The curve finally went up!

Backtest Data Analysis

From October 2025 to January 2026, approximately 3 months:

Capital Performance

Metric Value
Initial Capital $50,000
Final Equity $51,095
Total Return ~2.2%
Max Drawdown Controlled within reasonable range

Trading Statistics

Metric Value
Take Profit Count 6 times
Stop Loss Count 14 times
Win Rate 30%

The Real Conclusion

After complete backtest verification, this strategy:

✅ What Works in Theory:

  • Beta hedging does reduce single-sided risk
  • Price ratio reversion provides arbitrage opportunities
  • Take-profit and stop-loss can protect profits

⚠️ Problems in Reality:

  • Low returns: Only 30% win rate, 2.2% cumulative return over 3 months—far from the 4x claimed in the post
  • Few opportunities: The 2% threshold limits opening frequency
  • Fee costs: Frequent opening/closing eats into profits
  • Slippage risk: Live trading may be worse than backtest
  • Extreme conditions: If BTC and ETH both surge/crash simultaneously, hedging fails

🔍 Optimization Directions:

  • Multi-coin rotation: Don’t just hedge ETH—can add SOL, BNB, etc.
  • Dynamic thresholds: Adjust opening thresholds based on volatility
  • Stop-loss cooldown: Prohibit immediate reopening after stop-loss
  • Volatility Delta hedging: Besides price Beta, consider volatility hedging
  • Position sizing: Dynamically adjust capital ratio per trade

Final Thoughts: The Meaning of Quantitative Trading

This is the charm of quantitative trading:

Start with an idea → Write code to implement → Backtest to verify → Optimize and improve

The strategy concept in that Zhihu post wasn’t wrong, but the devil is in the details:

  • Without Beta hedging, you’re just gambling on direction
  • Without risk controls, you’re trading naked
  • Without backtest verification, you’re just daydreaming

Real quantitative trading means verifying every idea with data, implementing every strategy with code, and keeping records of every trade.
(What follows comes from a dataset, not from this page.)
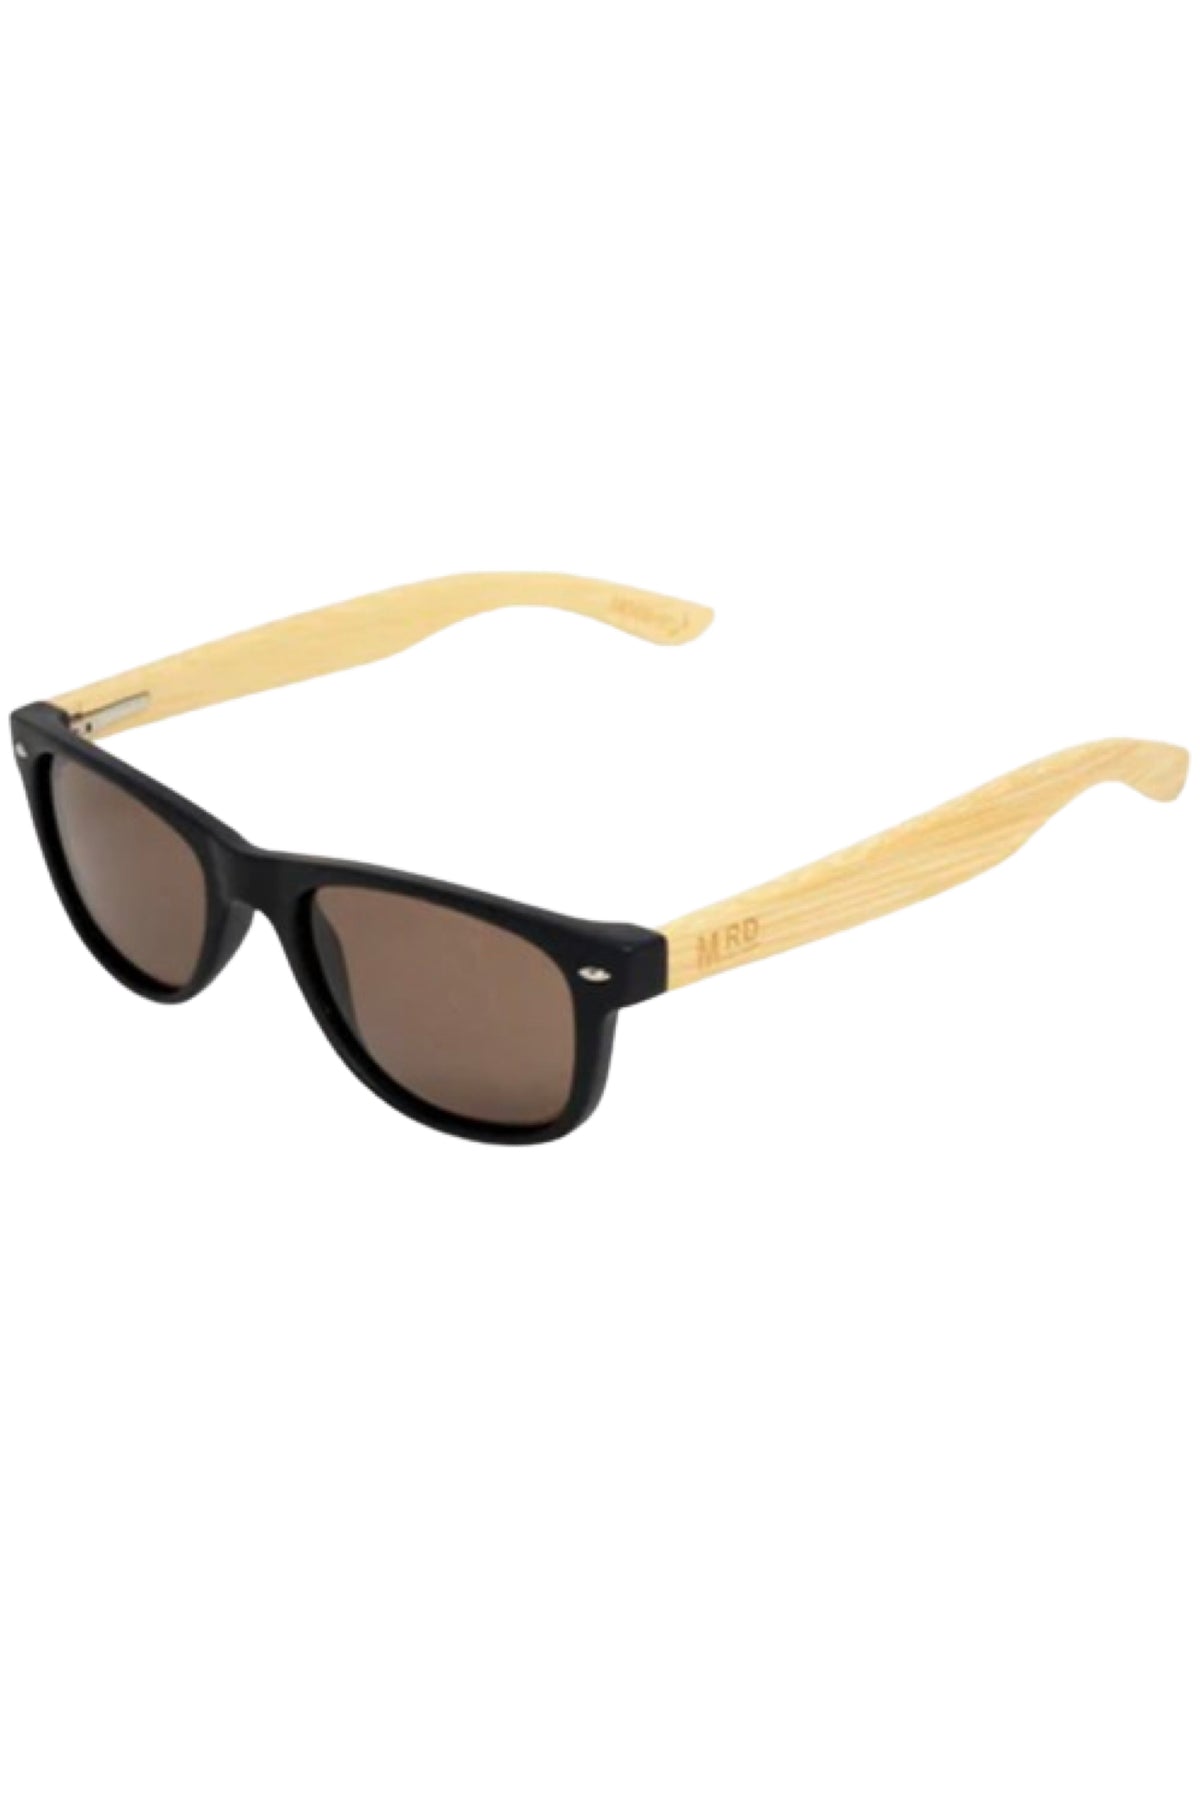 Kids Sunnies Black With Brown Lens

If you have an idea, verify it.

The code is at the end of this article. Feel free to run it yourself, modify it, and optimize it.
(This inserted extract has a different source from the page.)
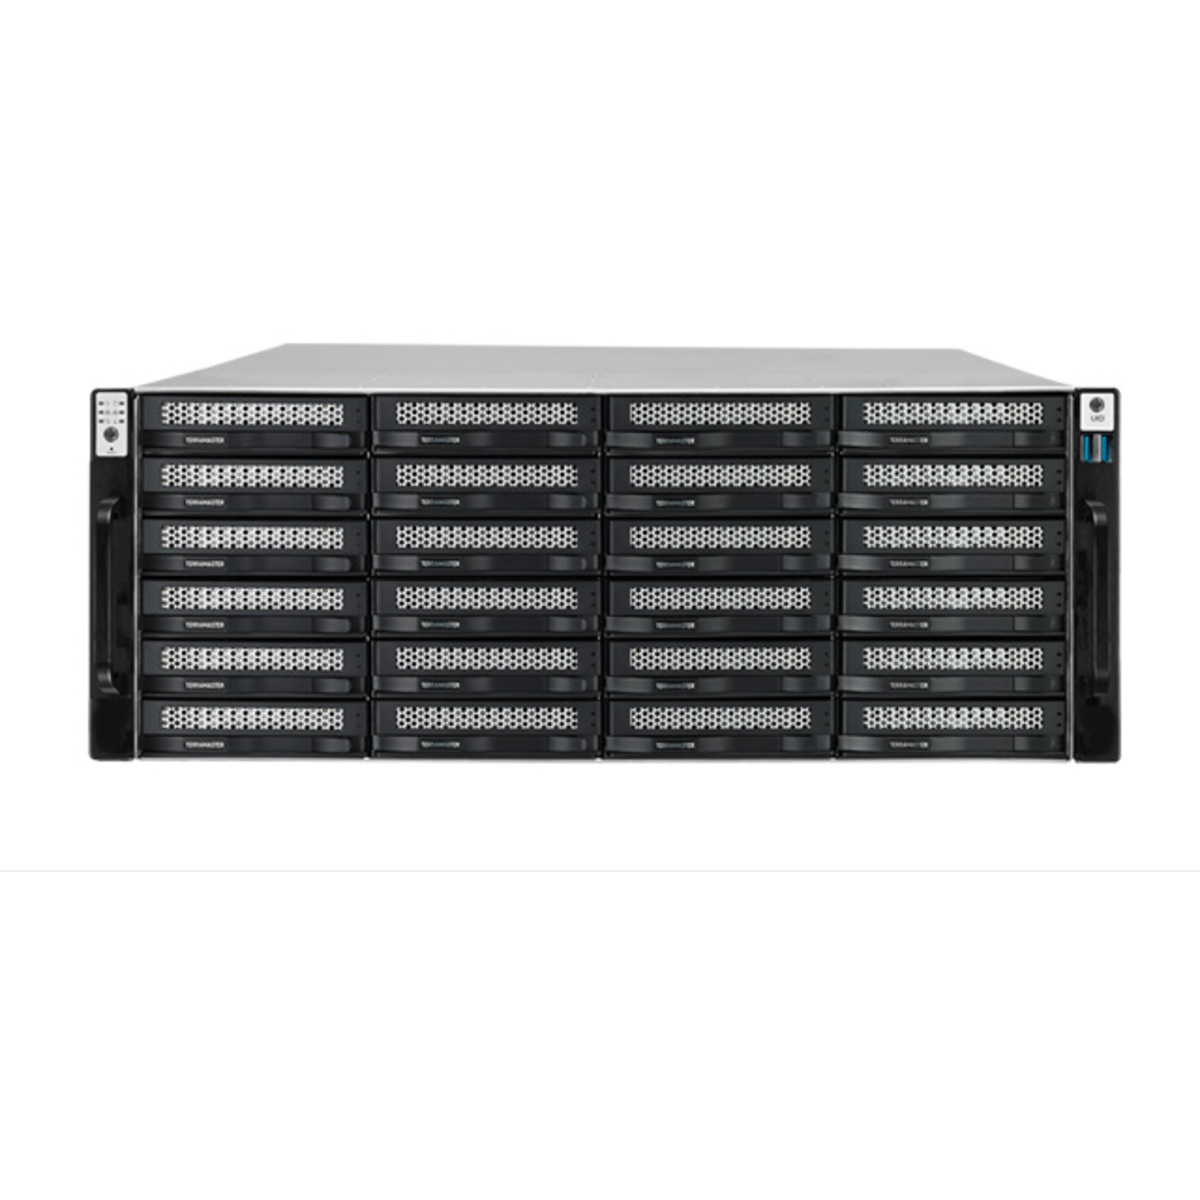 TerraMaster U24-722-2224 460tb 24-Bay RackMount Large Business / Enterprise NAS - Network Attached Storage Device 23x20tb Seagate EXOS X20 ST20000NM007D 3.5 7200rpm SATA 6Gb/s HDD ENTERPRISE Class Drives Installed - Burn-In Tested U24-722-2224

If you’re interested, I can continue writing about: - Volatility Delta hedging strategies - Multi-coin rotation implementation - Position sizing and risk control optimization

Welcome to like, comment, and ask for more!
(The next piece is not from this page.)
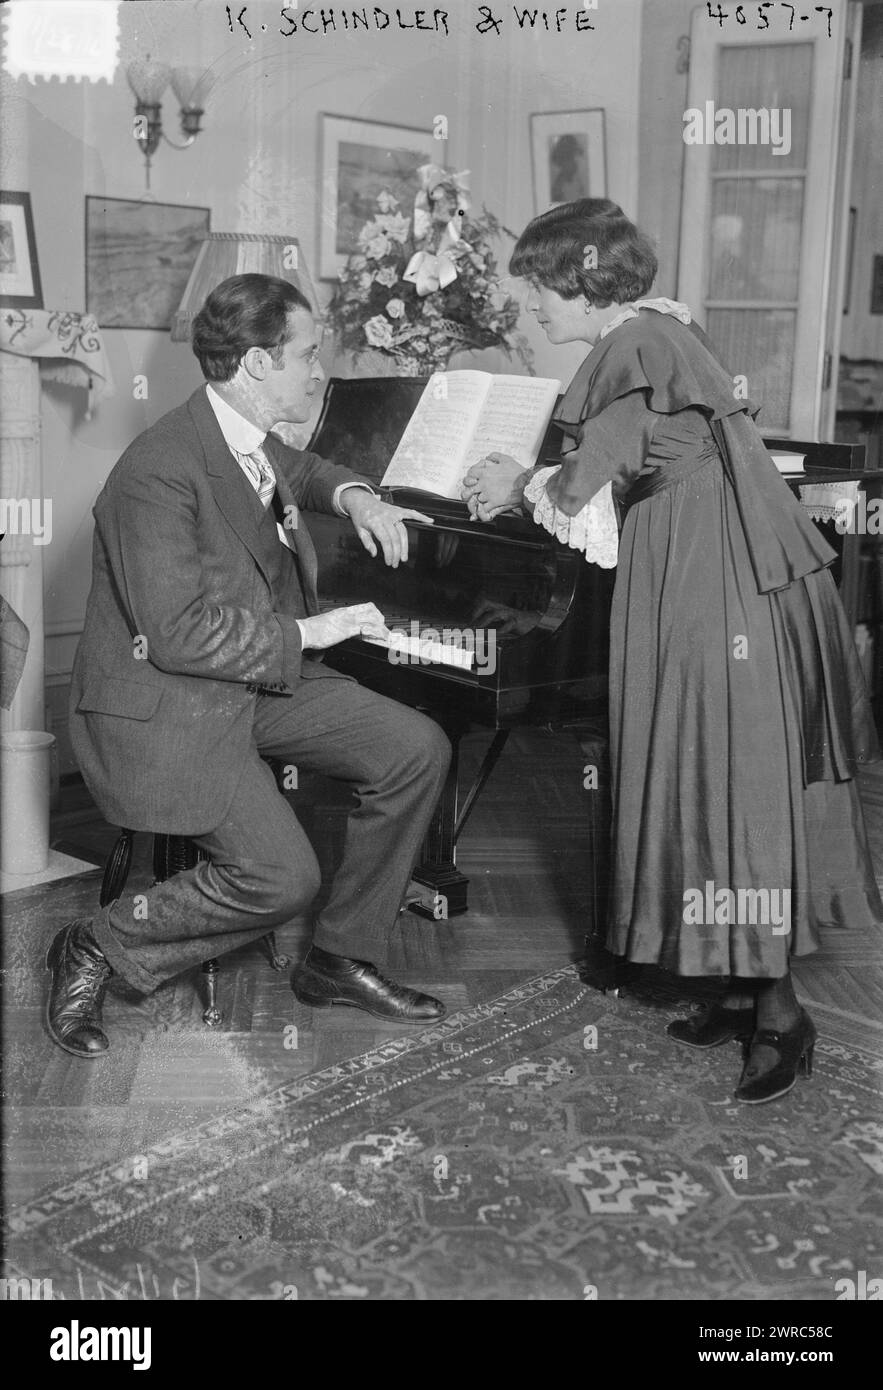 K. Schindler & wife, Photograph shows German composer and conductor Kurt Schindler at a piano with his wife, actress wife Russian actress Vera Androuchevitch (d. 1919)., 1916 Nov. 28, Glass negatives, 1 negative: glass Stock Photo

📝 Article source code (strategy parameters can be flexibly set at the beginning of the source code, trading logic has been optimized): Bidirectional Beta Hedging Strategy


Disclaimer

This article is for educational and discussion purposes only and does not constitute any investment advice.

PS: There’s no stable get-rich-quick method in crypto—only risk management and continuous optimization.